Akira Imamoto, D.D.S., Ph.D.

Research Summary

Mammalian Genetics and Developmental Biology

We currently focus on elucidating the molecular and developmental mechanisms underlying a human syndrome called DiGeorge/velocardiofacial syndrome (DGS/VCFS) (OMIM: 188400 and 192430):

DGS/VCFS is the most frequent deletion syndrome, affecting approximately 1 in 4,000 live births. The common manifestations of this syndrome include cardiovascular defects, aplasia or hypoplasia of the thymus and parathyroid glands, and craniofacial anomalies. Urogenital defects, learning disabilities, and other psychiatric disorders are also common.

The molecular basis of DGS comprises heterozygous deletions at 22q11.21 likely mediated by recombination between chromosome 22-specific low copy repeats (LCR22s) scattered around this region. The most common deletion encompasses 3 Mb in approximately 90% of the patients. Two candidate genes, TBX1 and CRKL, have been mapped within this region.

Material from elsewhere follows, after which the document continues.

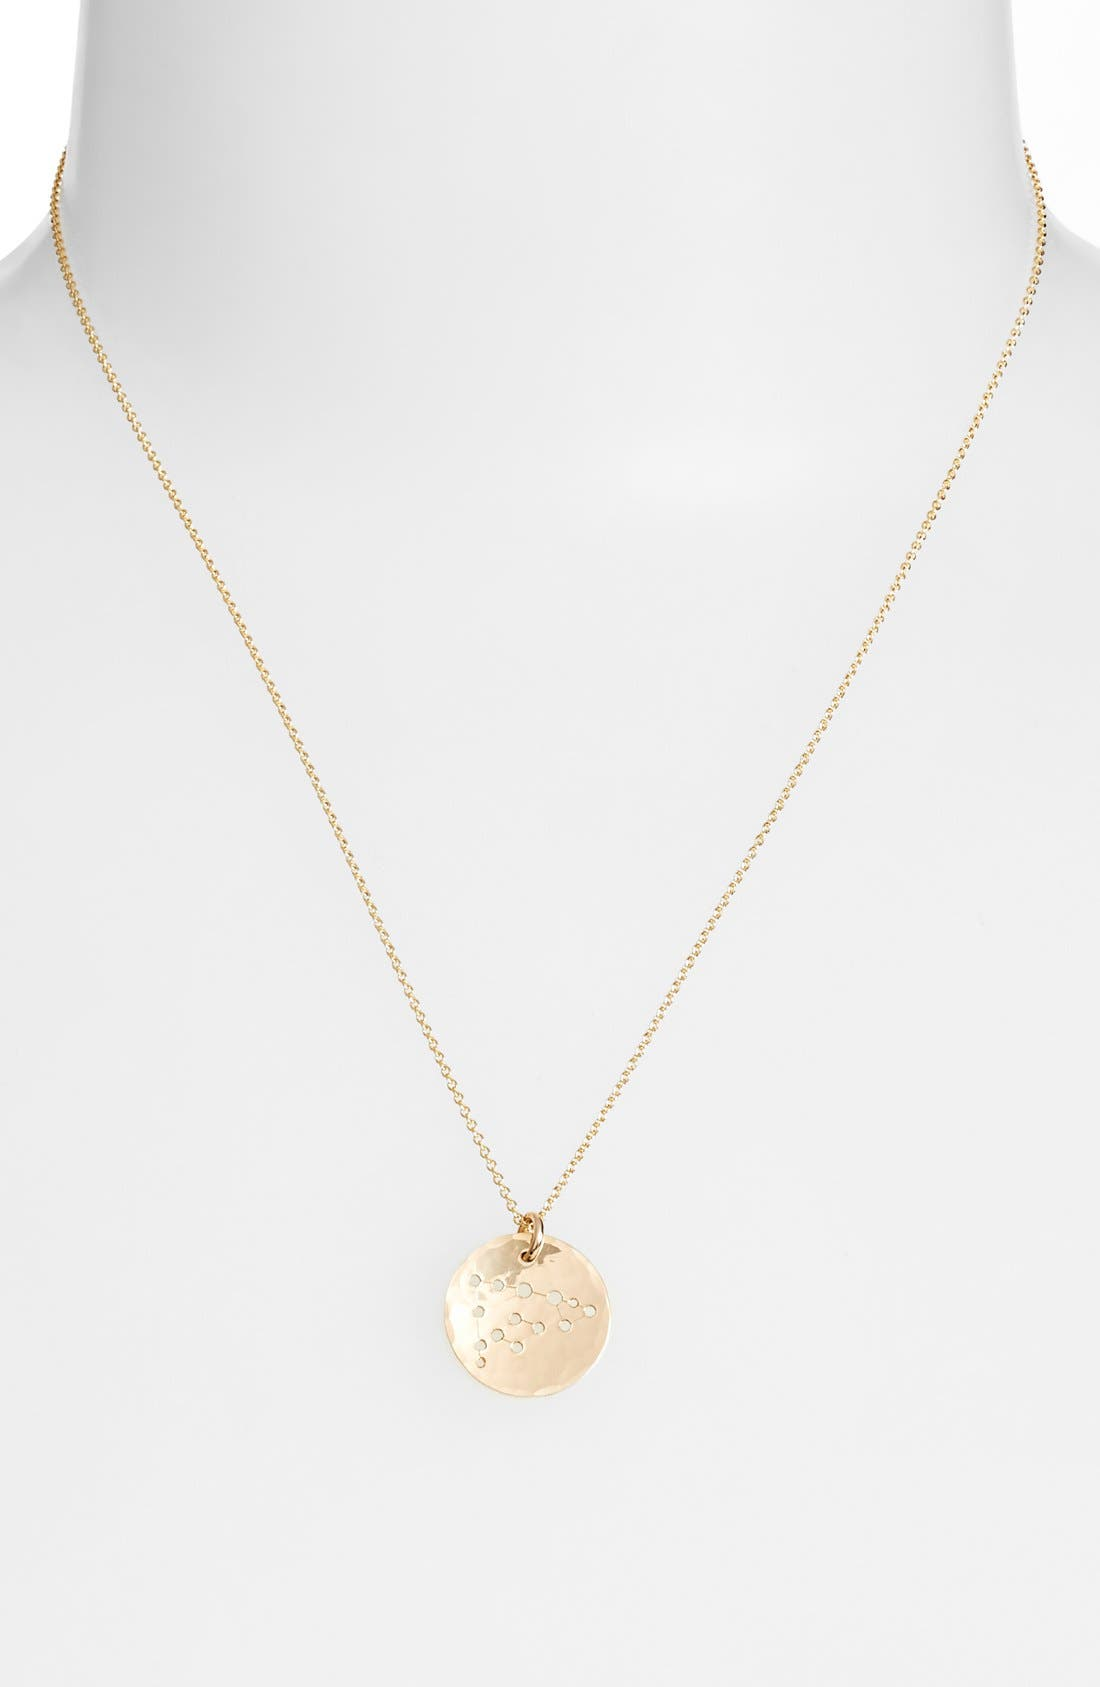 Ija 'Small Zodiac' 14k-Gold Fill Necklace,                             Alternate thumbnail 23, color,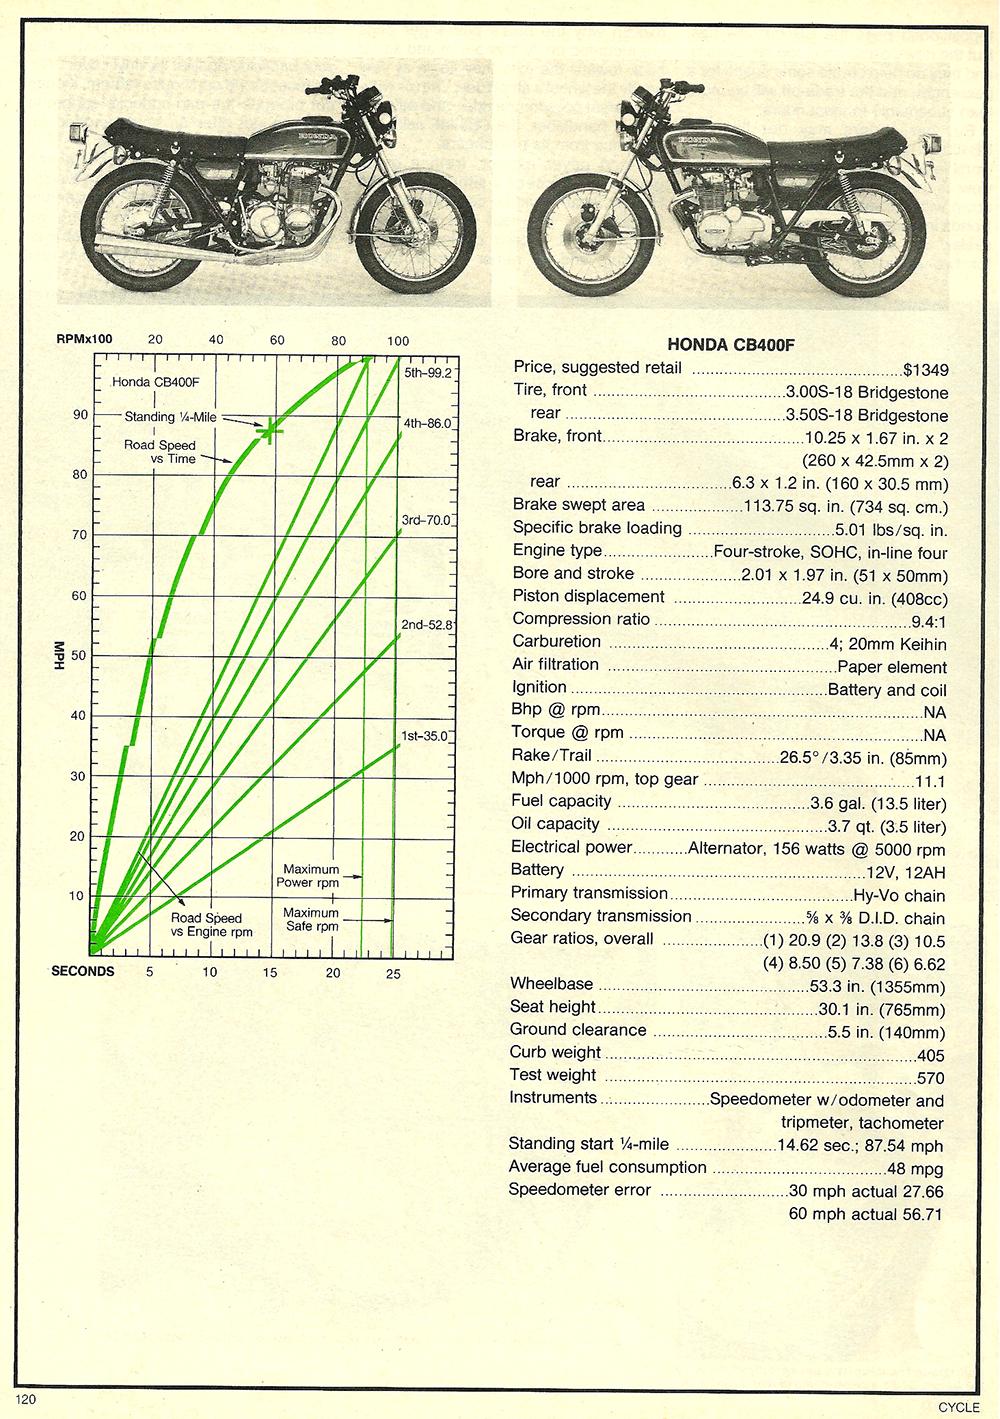 1977 Honda CB400F road test 04.jpg

Although CRKL is broadly expressed, it is concentrated in neural crest cells and their derivatives during development. We have found that knockout (inactivation) of this gene produces a phenotype that closely mimics the symptoms of DGS/VCFS. These results therefore suggest that defective CRKL-dependent pathways underlie the molecular etiology of DGS/VCFS. We currently investigate the relationship of CRKL with TBX1 and other 22q11 genes during the process that determines correct anterior-posterior identities of thepharyngeal apparatus. In addition, our results suggest that CRKL is required for cell survival, patterning, and fate determination. We are testing this hypothesis in order to understand the biology of pharyngeal arch development which is coordinated by interaction between theendoderm, ectoderm, mesoderm, and neural crest-derived mesenchyme.

Cell Biology

We are also interested in other fundamental questions in cell biology concerning inter- and intracellular signaling that influences decision making processes of cell behavior and fate that are essential for normal development.  

CRKL encodes an adapter protein of the CRK family, consisting of multiple protein-protein interaction domains known as SH2 and SH3 domains. We have learned that CRKL protein shuttles between different subcellular compartments/organelles in the cell in response to external stimuli such as growth factors and adherence to the extracellular matrix. One of the important sites to which CRKL moves is a structure called the focal adhesion. Focal adhesion structures contain large clusters of proteins that participate in cell-matrix adhesion as well as physical and functional links to the cytoskeleton. Such changes in location are induced presumably by tyrosine phosphorylation on CRKL SH2 binding proteins. The functional consequence of translocation is then mediated by the ability of CRKL to bring another protein to the site through its SH3 domains, thus promoting specific interactions of multiple proteins which may otherwise occur only in a non-specific (random) manner. When CRKL is made constitutively localized to focal adhesions, cells become readily motile with increased activity of small G-proteins such as Rac and Cdc42. In fibroblasts deficient for CRKL, directional migration toward the extracellular matrix is impaired. 

It has long been known that many types of cells require cell adhesion to the extracellular matrix not only for physical support but also for their survival, proliferation and other physiological functions. Thus, CRKL may play an important role in bridging adhesion signals to the cellular machinery that coordinates signals induced by other extracellular stimuli such as growth factors in order to elicit appropriate cellular responses.

We are investigating the role of CRKL in cell migration, survival, proliferation, and differentiation in tissue culture, in order to understand the essential role that CRKL plays in organogenesis and tissue morphogenesis during development as well as its role as an oncogene in models of cancer.